Credit crunch bites the UK for £600bn

The global credit crunch has wiped £600billion – the equivalent of just over £1million a minute – off the UK’s total wealth since it began one year ago.

Tabling their “conservative” estimate, analysts at PricewaterhouseCoopers said the 12-month loss was based on falling house prices and falling values of listed firms.

They calculated that since house prices began to fall in September last year, the level of wealth in UK housing fell 9%, or £400bn, for the 12 months to June 2008.

Over the same time, the UK’s financial institutions and banks, the outfits most exposed to the stresses in global markets, generated a stock market loss of £200bn.

This level of “wealth destruction” is expected to lead to around £12bn to £16bn of lost expenditure over the next 18 months, as less equity in both markets filters through.

Thanks to businesses and householders being pressured to spend less, the loss to GDP could be around 1%; enough to tip the UK into or nearer a recession.

But the lagged effect of reduced wealth on spending means the loss would take “a year or so before” the full effect was felt, so it would take until 2009 for household spending growth to ease to 0.5%.

Although all the estimates exclude the impact and any overspill into other sectors, PwC said they stem from the sectors “most directly and most severely impacted” by the credit crunch.

“The fall in UK house prices…has driven down the level of wealth tied up in UK housing by around £400bn, representing a 9% fall year-on-year of the value of the UK’s housing stock”, said John Hawksworth, head of macroeconomics at PwC.

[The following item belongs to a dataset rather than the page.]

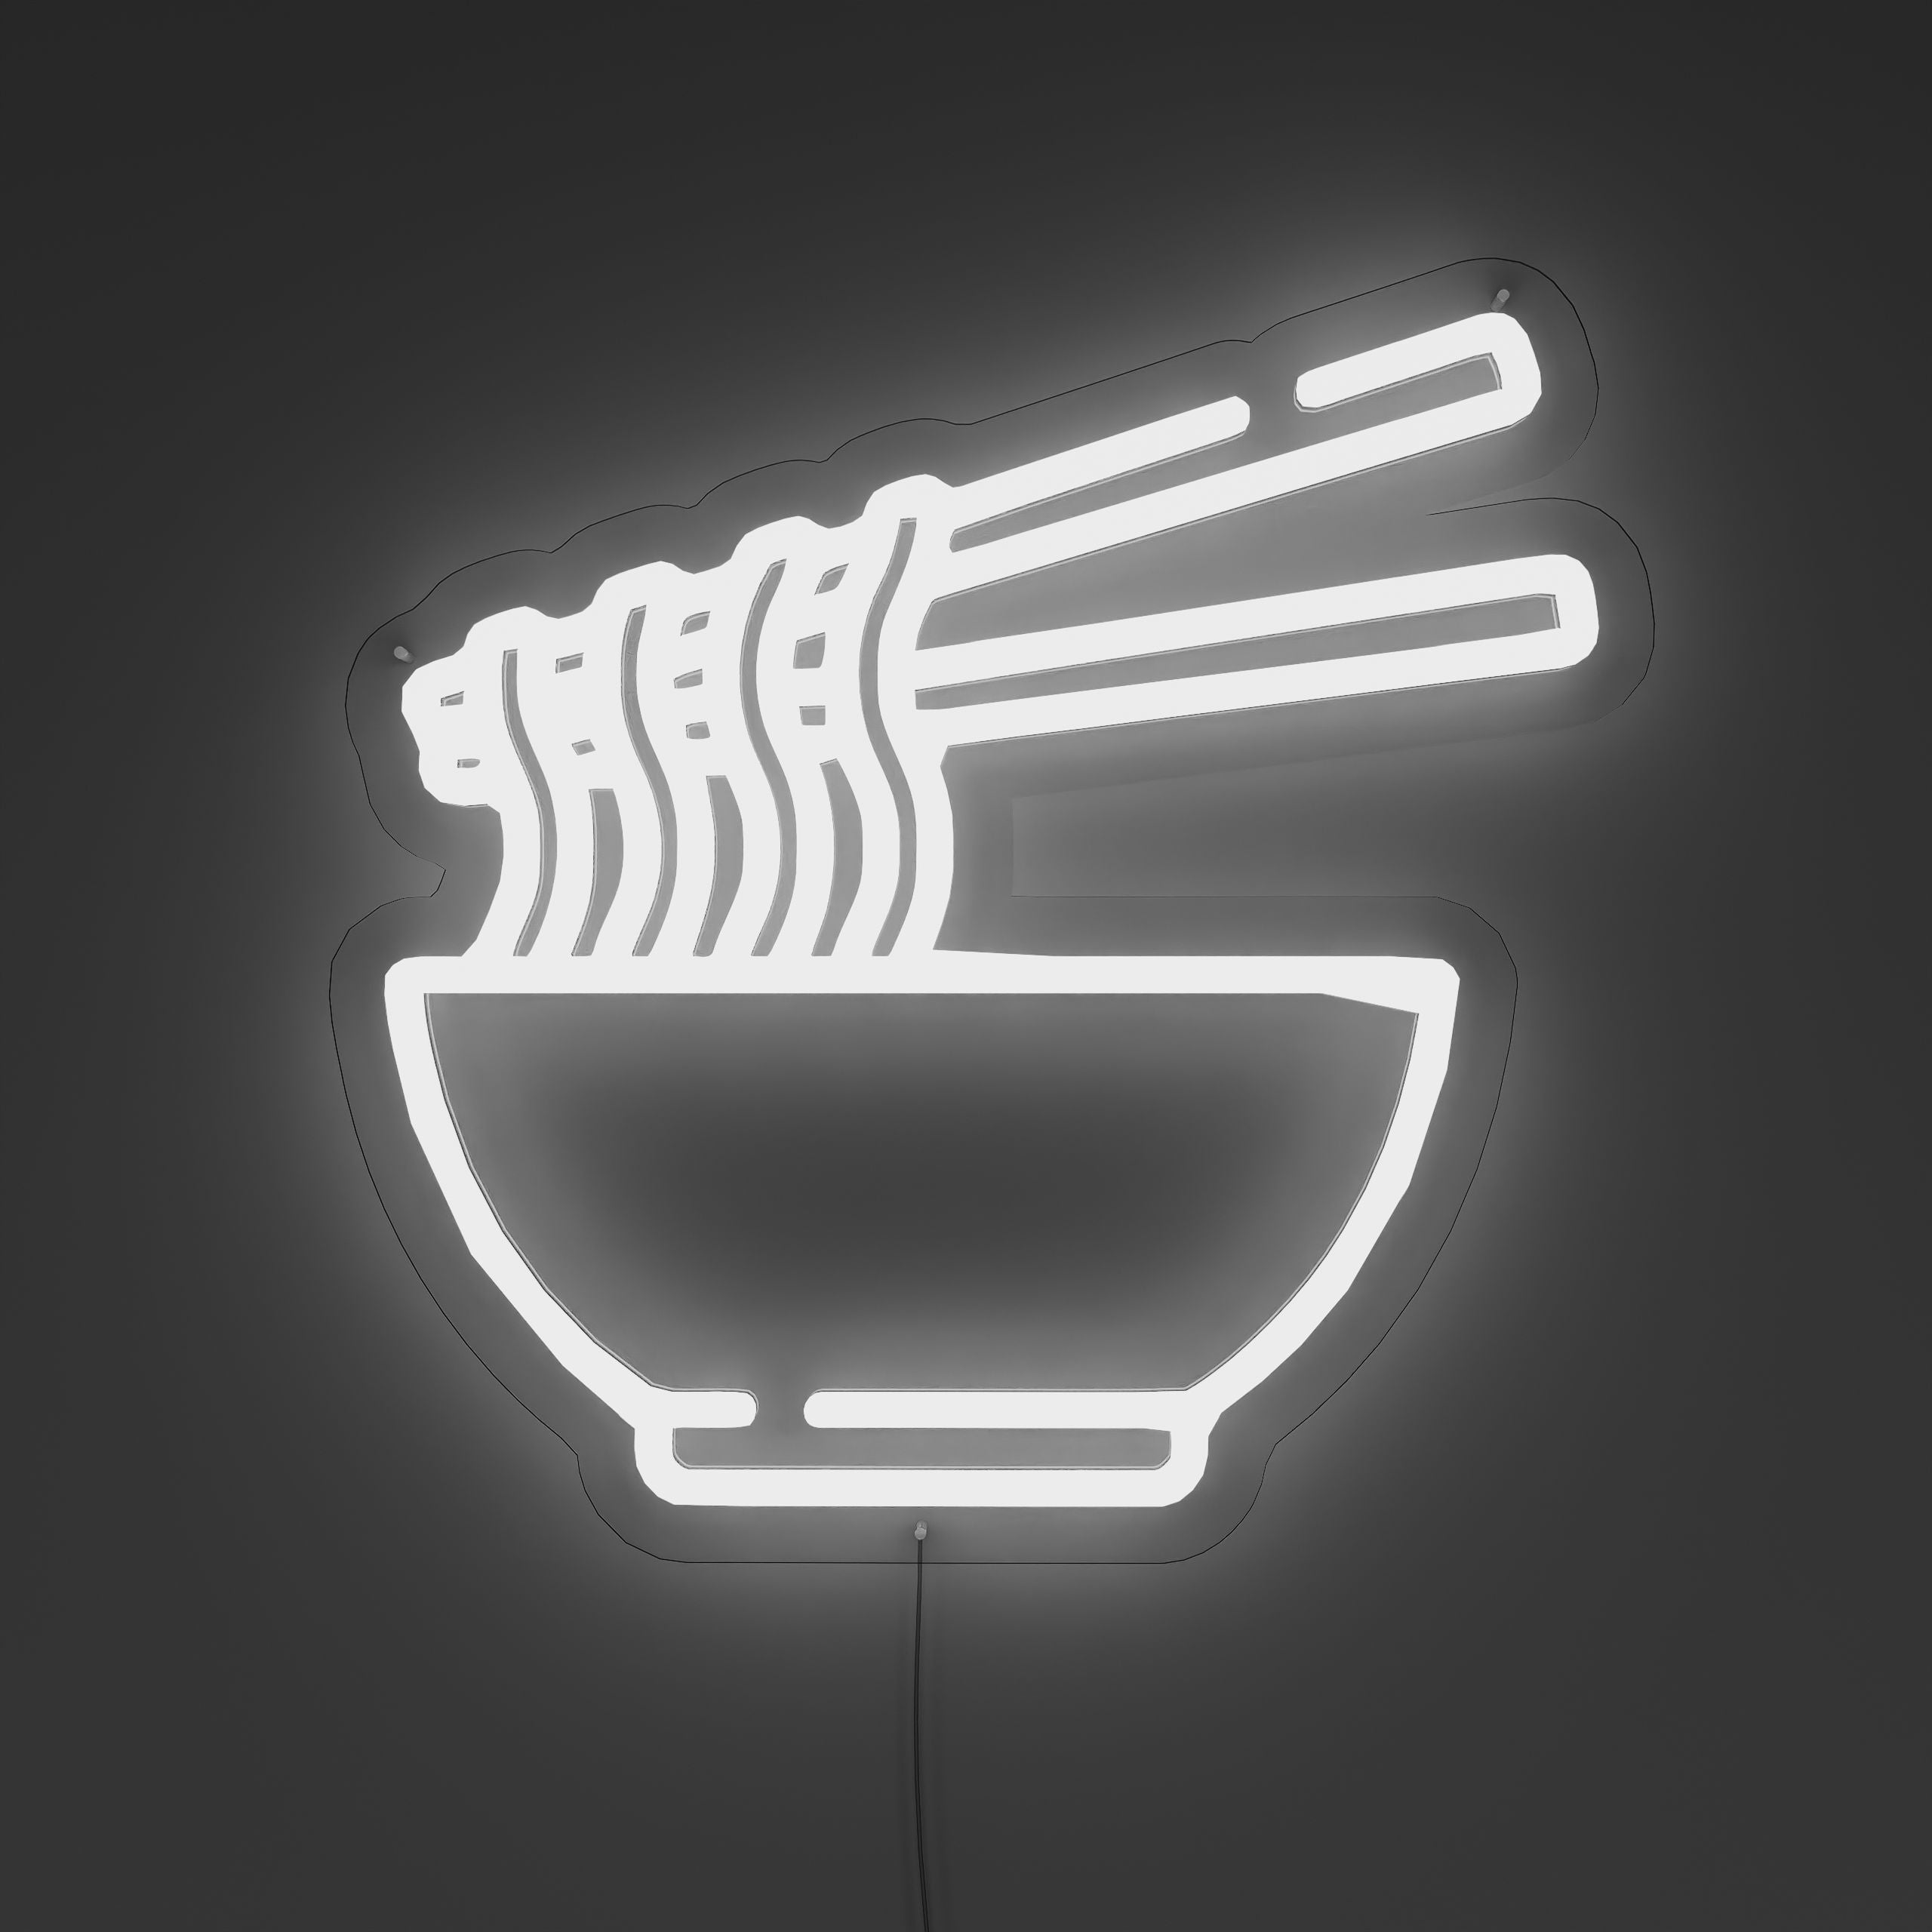 Hearty-Noodle-Meal-Neon-Sign-Lite

“In addition to this, the drop in value of finance related equities has generated a loss of stock market capitalisation of around £200bn for finance related firms in the year”.

Mr Hawksworth said the combined loss of national wealth of around £600bn will add to downward pressures on UK economic growth over the next year.

The downbeat outlook tallies with the latest reading from the CBI, which warned on Thursday that the “slowdown in the UK economic activity is gathering pace.”

However, its director-general Richard Lambert said the Bank of England was right to leave interest rates at five per cent last Thursday, as inflation looks set to head higher.

In a reported letter to CBI members, Mr Lambert was quoted as saying that the employers’ group “has been consistently overoptimistic about the economic outlook over the past 12 months.”

Obtained by the FT, the letter, written to mark the one-year anniversary of the credit crunch, predicted that growth prospects for 2009 and “into 2010 look no better than anaemic.”

It also reportedly blames the government for compounding the situation by unsustainably spending in previous years, which has “left the public finances in a poor shape to cushion the economy”.

Lambert hopes that inflation should take its likely course and fall sharply by the second half of net year, giving the Bank room to ease its monetary policy and help consumers “to feel more confident about the world.”